I got it then. I said, “But you fucked her.”
He cleared his throat a little and took a sip of Coke.
“Yeah,” he said. “Sure. It was fine. She was fat and a little sticky, but it was fine. I didn’t mean what you think I meant. That wasn’t what I was talking about. Not really. I was just talking.”
“Sure,” I said.
“Don’t say anything to anybody,” he said. “They might get the wrong idea.”
“No problem.”
“Hey, I’ll drop you off.”
“Thanks,” I said.
We finished our burgers without talking and went out to his car.

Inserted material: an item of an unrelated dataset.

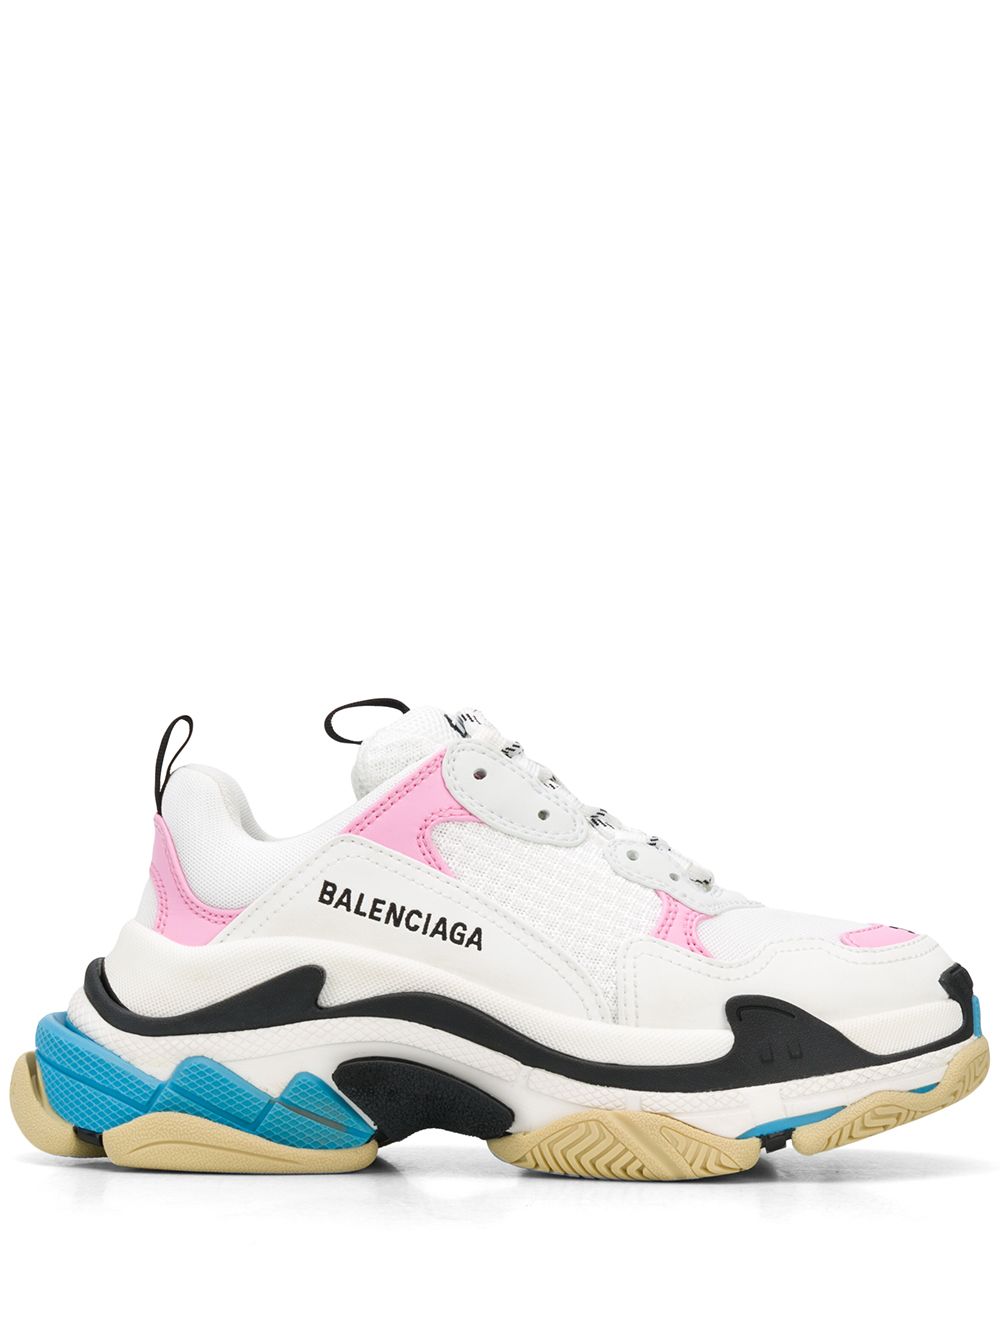 Triple S Sneakers дамски обувки Balenciaga
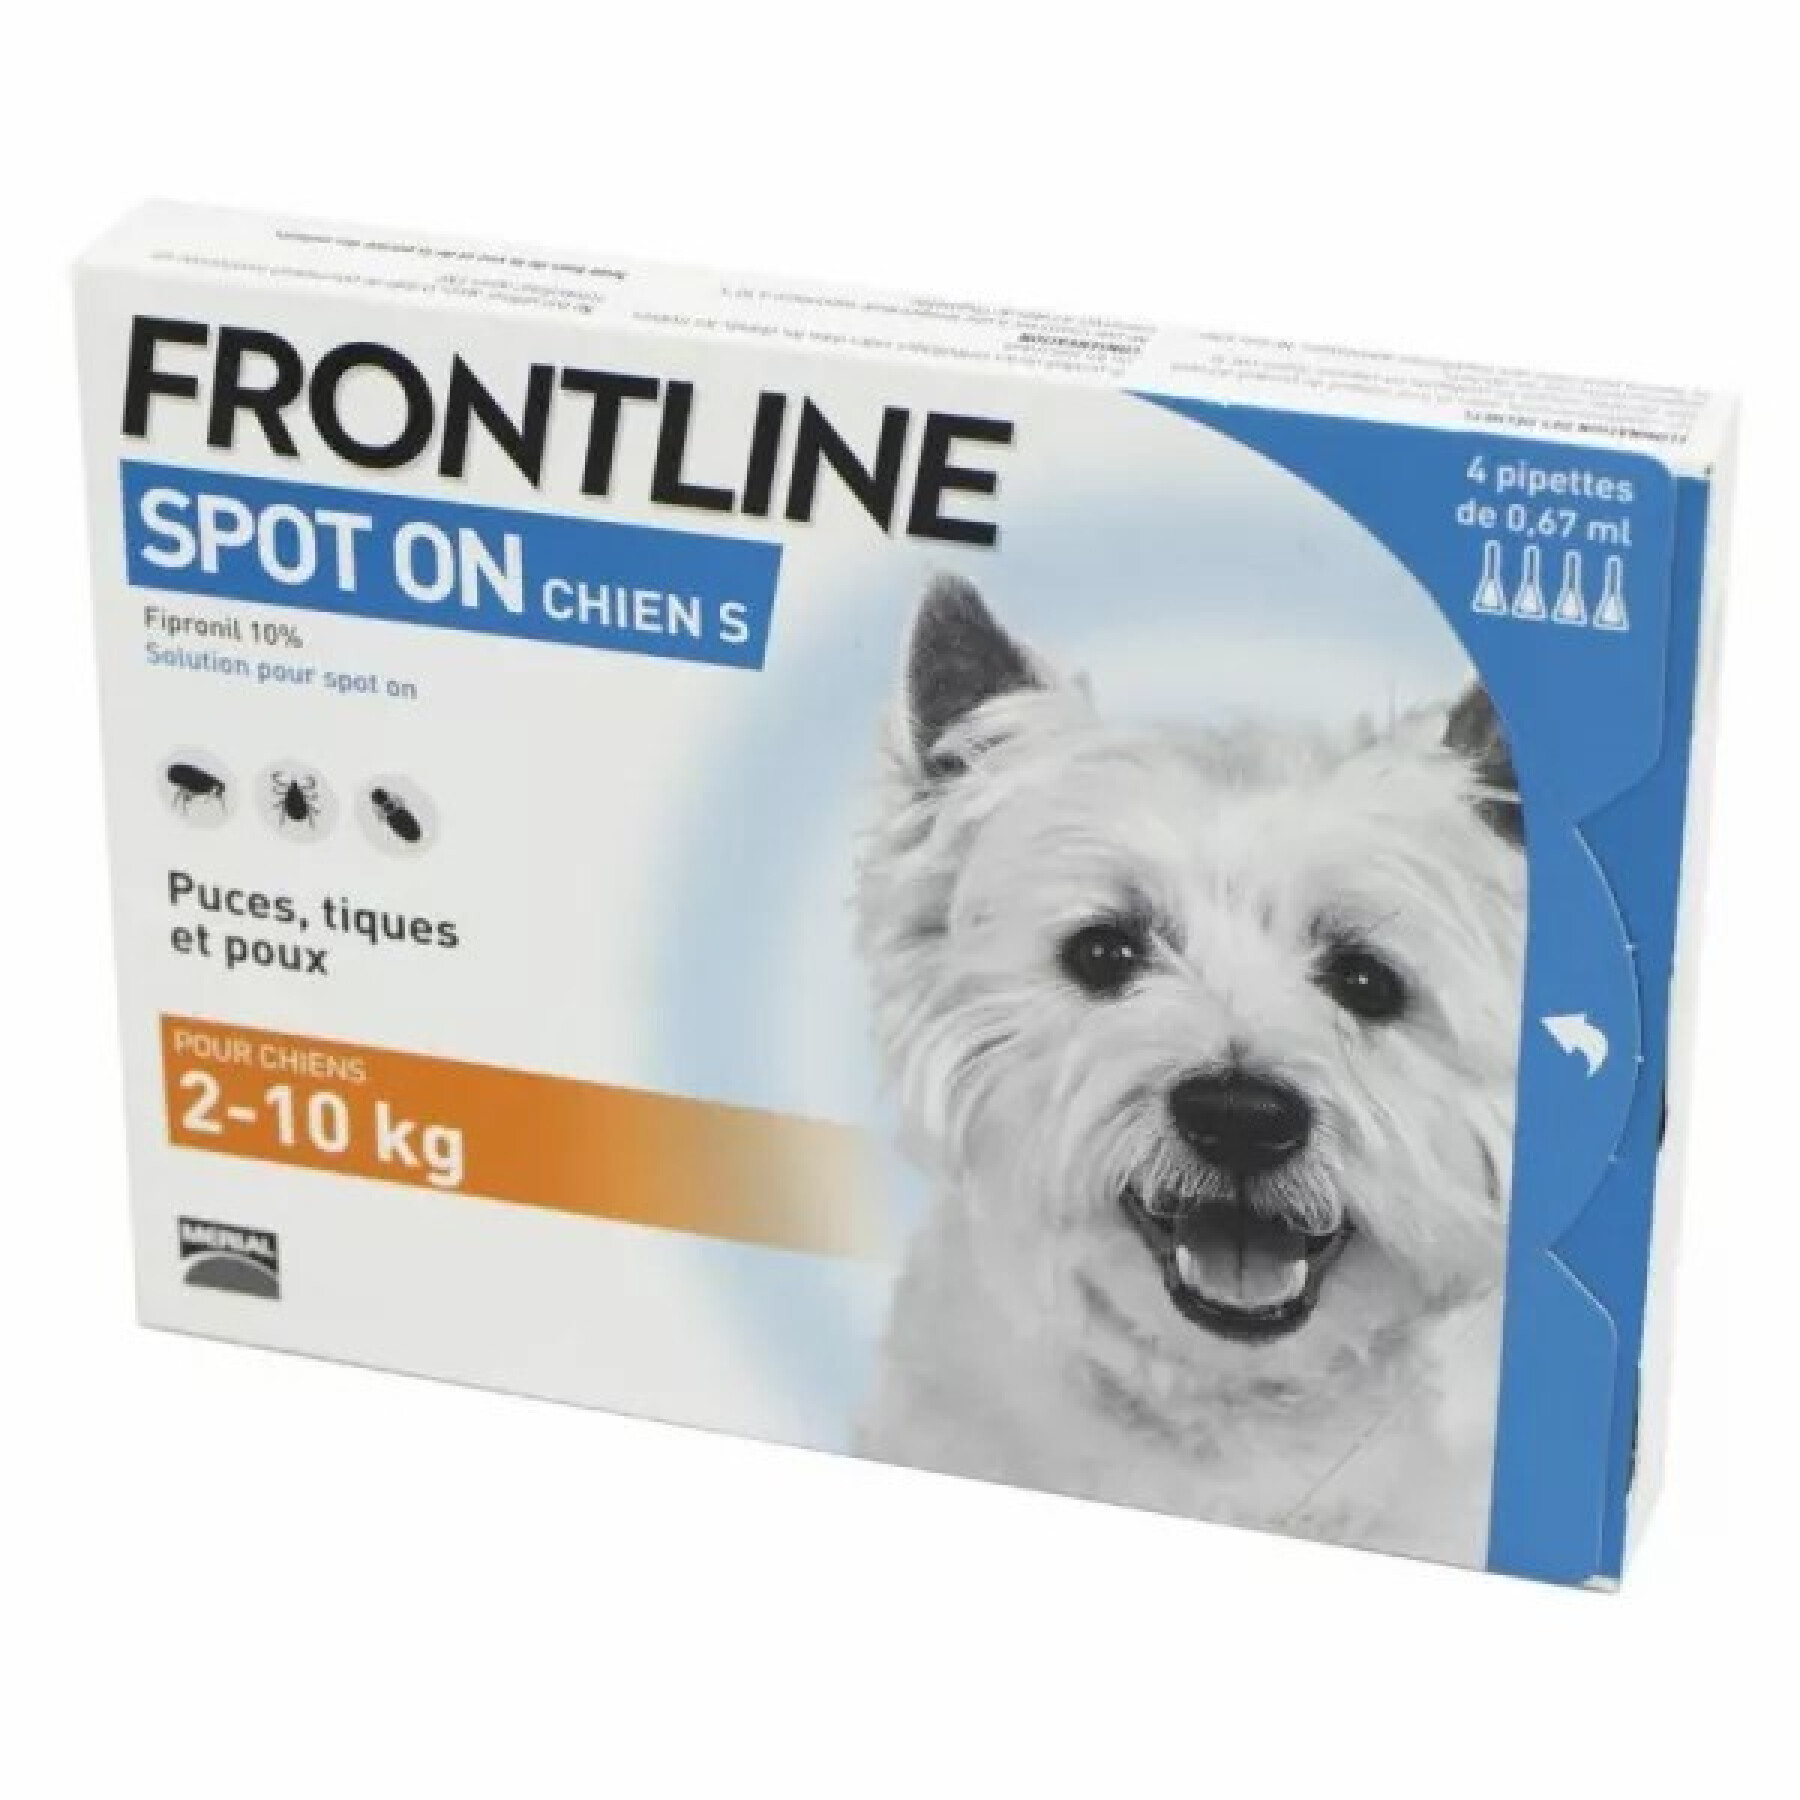 Pest control for dogs Frontline de 2/10 kg Spot On (x4)

He drove us away. He knew where I lived.
“How about the team this year?” he said. “I think we’re going to stomp shit out of Mineola.”
“It could happen,” I said, as if I knew the first thing about football. I’d been to one game and that was so I could watch a girl I liked lead the cheers. She left with a football player and I left with some popcorn.
When Mike pulled up in my yard he cut the headlights so they didn’t shine in the house windows and stir my parents. I opened my door, and that turned on the overhead light. I said, “Thanks for the ride. See you later.”
“Hey, just to be clear,” he said, “I was just kidding earlier, but it might have sounded like, you know—”
“No,” I said. “It’s good. I get it.”
He looked at me there in the glow of the overhead light. He knew I got it alright.
I wanted to say something else to him, but I couldn’t come up with anything. I closed the door and he drove away. It was for a weekend, a short night.
I saw him at school after that. He always smiled and said hi, but he never sat with me at lunch, and he didn’t spend any time with me when we crossed paths. After a while I didn’t see him around anymore and I heard later from Leonard that he moved off to some place up north with his family.